Unable to connect to Kubernetes infrastructure server

Most times, chaos infrastructure errors are due to issues with the chaos infrastructure setup.

Workaround

If you are unable to connect to the Kubernetes infrastructure server, try the following:

Use ping on the subscriber or any other pod to test if the response times for app.harness.io or another URL are reasonable and consistent.
Use traceroute on app.harness.io to check the network route.
Use nslookup to confirm that the DNS resolution is working for app.harness.io.
Connect using the IP address for app.harness.io (you can get the IP address using nslookup). For example, http://35.23.123.321/#/login.
Check for local network issues, such as proxy errors or NAT license limits.
For some cloud platforms, like AWS EC2, ensure that the security groups allow outbound traffic on HTTPS 443.
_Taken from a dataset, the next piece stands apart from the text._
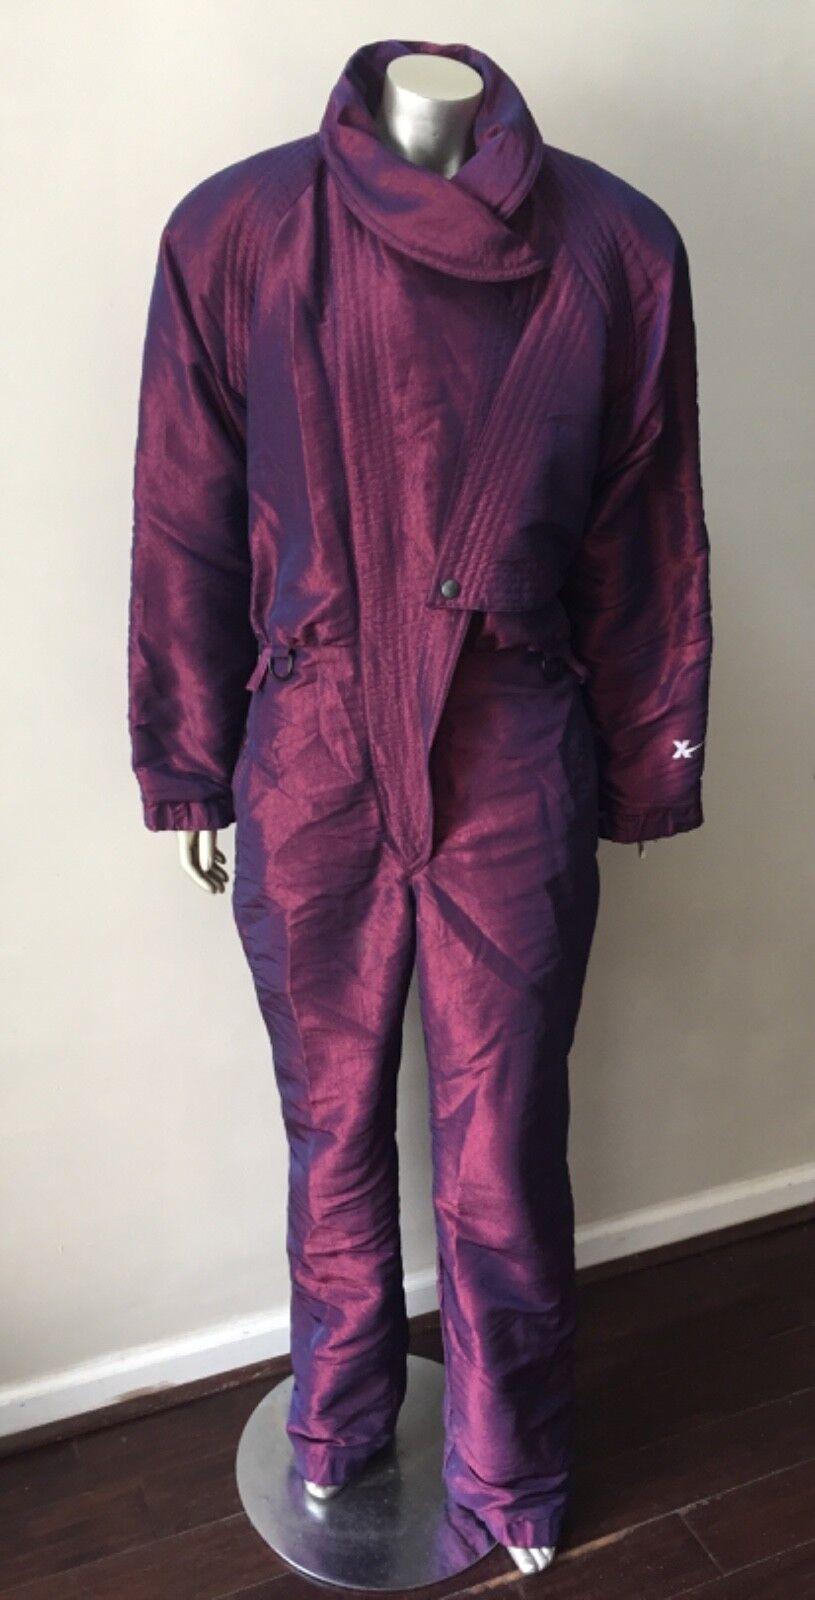 Metallic Retro Vintage 90s Ski Snow Suit Coat  Insulated Jumpsuit Purple L  the lowest price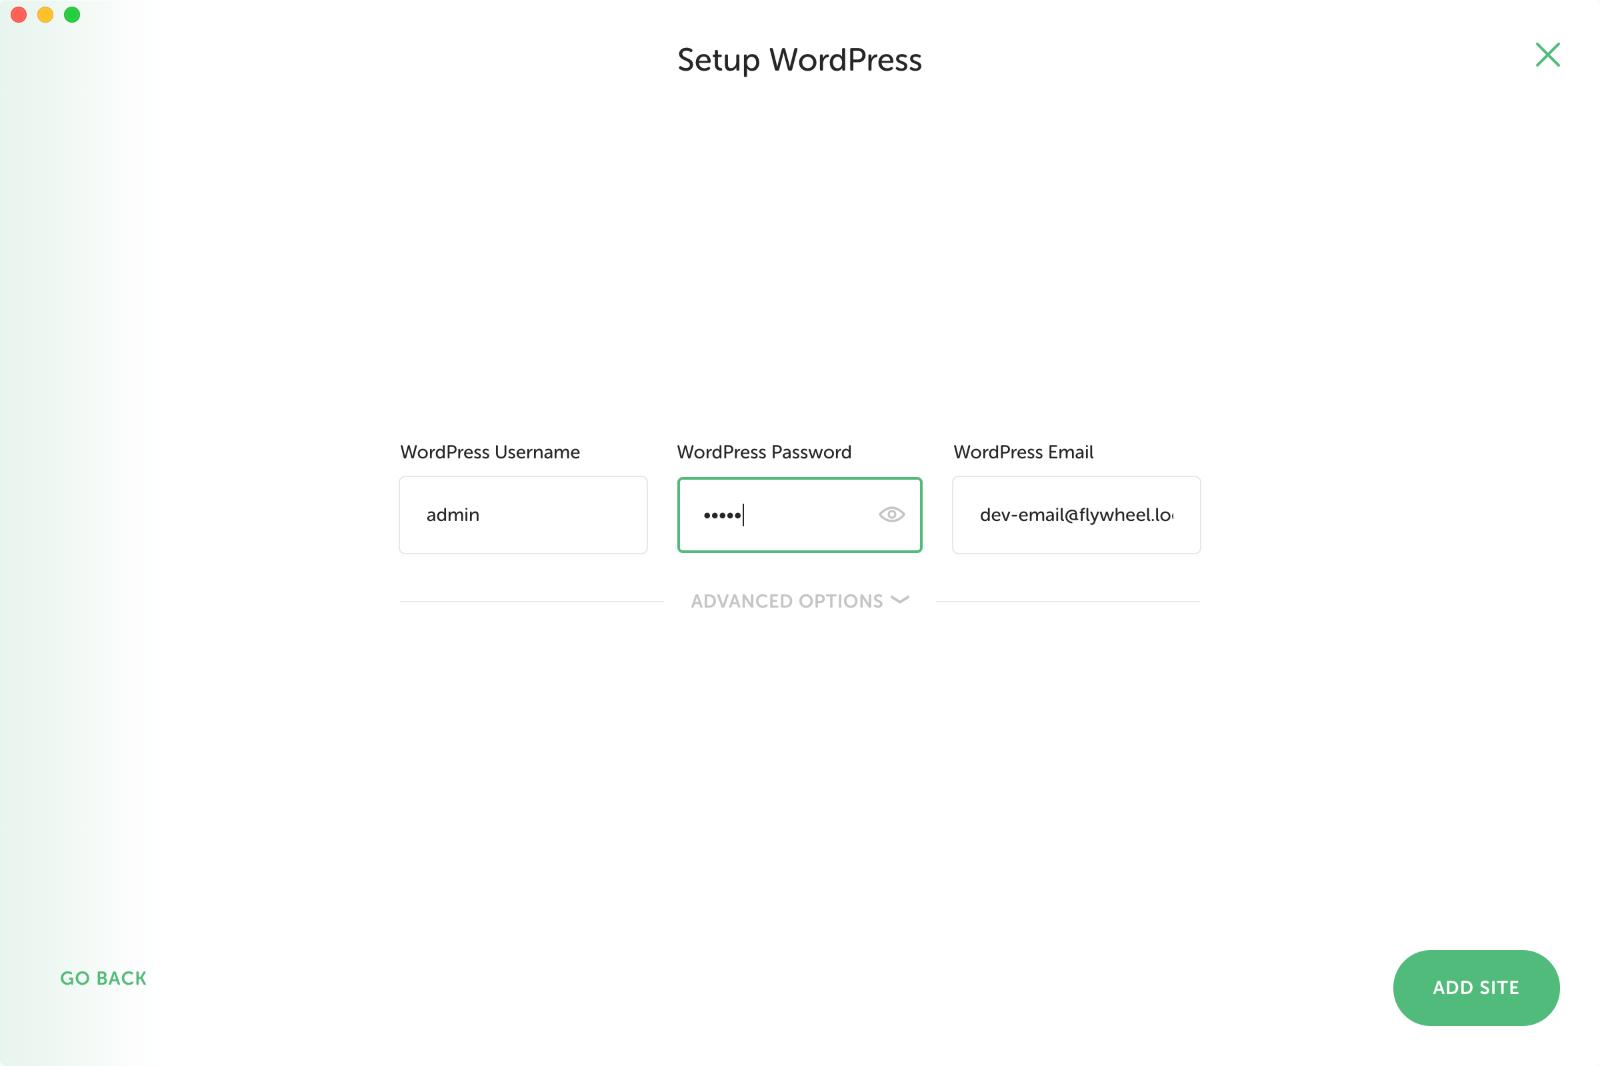 WordPressの管理者アカウント情報を入力する

Connection to Kubernetes infrastructure fails after setting up the namespace and pods

When you set up the namespace and pods and connect to the Kubernetes infrastructure, it fails to connect. Execute the commands mentioned below:

Debug

Check the status of your chaos infrastructure on your cluster
```
kubectl get pods -n <namespace_name>
```

Check the chaos infrastructure logs

kubectl logs -f <pod-name> -n <namespace_name>

If the chaos infrastructure is not in a healthy state,
```
kubectl describe pods <pod-name> -n <namespace_name>
```

Check the logs of all pods in the namespace.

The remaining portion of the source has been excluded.